Fredle was surprised to hear that, but he didn’t mind. “Maybe I am, sometimes,” he said.

“I think we can get from here to the pipes that go from the
top of the water heater,” she told him. “We can get to a lot of new places from here.”

Moving quickly but carefully, because you wouldn’t want to fall from so high up, they made their way across to the boards that crossed above the water heater. Standing there, looking up, they could see a pipe entering the ceiling through a hole large enough for a mouse to squeeze through.

“What did I say?” asked Linu.

“And you were right!”

For a while, they looked at it.
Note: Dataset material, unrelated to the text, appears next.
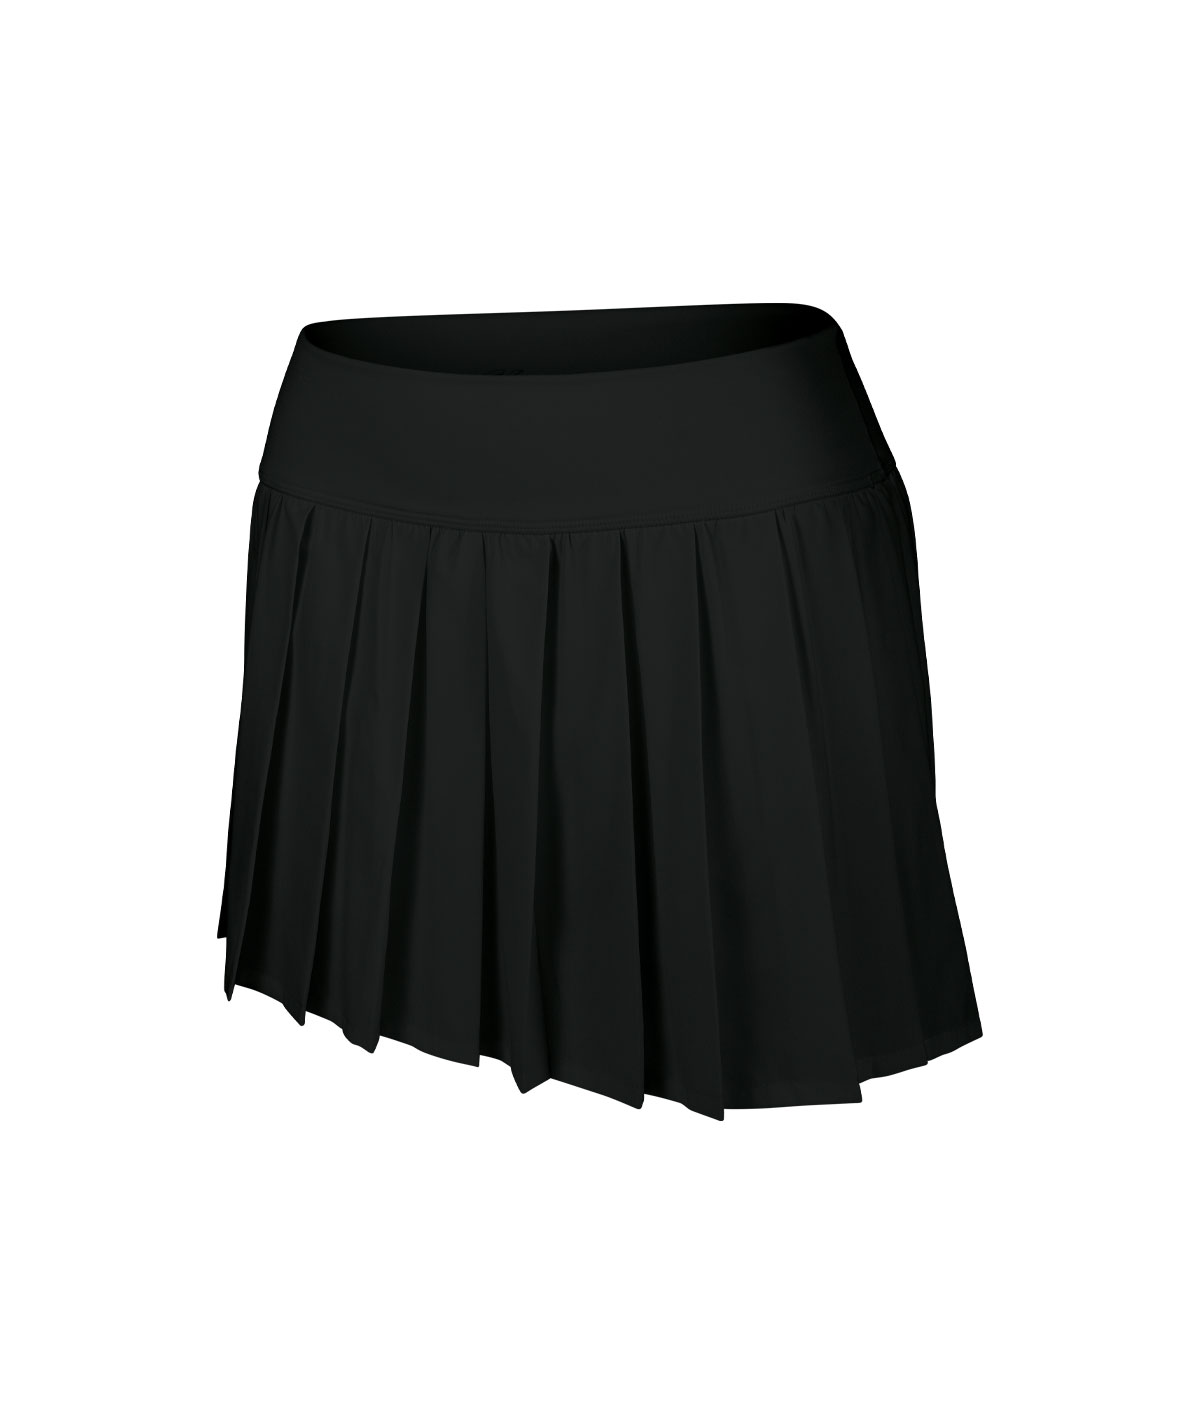 GK Pleated Skirt - Cheer Practice Wear | Omni Cheer

Then they talked about how easy it would be for a mouse to get up there from where they stood, and Fredle knew that he was almost home. He turned to Linu.

“Make my farewells to everyone. Especially Tarnu. Can you remember that?”

“I’m not silly,” she told him crossly. “Of course I can. But, Fredle?”

“What’s wrong? Do you want to come, too?” Fredle hadn’t thought of that before, but now that he had he wondered what Linu would think of life in the kitchen, and wondered how the kitchen mice would react to learning what it was really like to live in the cellar. Now that he had thought of it, he rather hoped she would come with him.

But she was shaking her head. “I better not.”

“If you know the way to get there, then you also know the way back,” he told her.

Linu continued shaking her head, but she said, “I’d have to say goodbye, and explain where I’d be, and tell them I’d be with you so I’d be safe.”

Then Fredle was shaking
his
head. He had learned that if you didn’t get going right away—if, for example, you went back to say goodbye or take a last look at the stars—then something might easily happen to keep you from ever reaching your destination. Or even to make you went. If reaching your destination was important, you couldn’t hesitate. “I can’t wait,” he apologized to Linu.

Just as he was saying that, she was saying, a little sadly, “I can’t go.”

So they parted, Linu to retrace her steps along the boards and Fredle to go along the pipe until it turned up, into the ceiling, into the house above.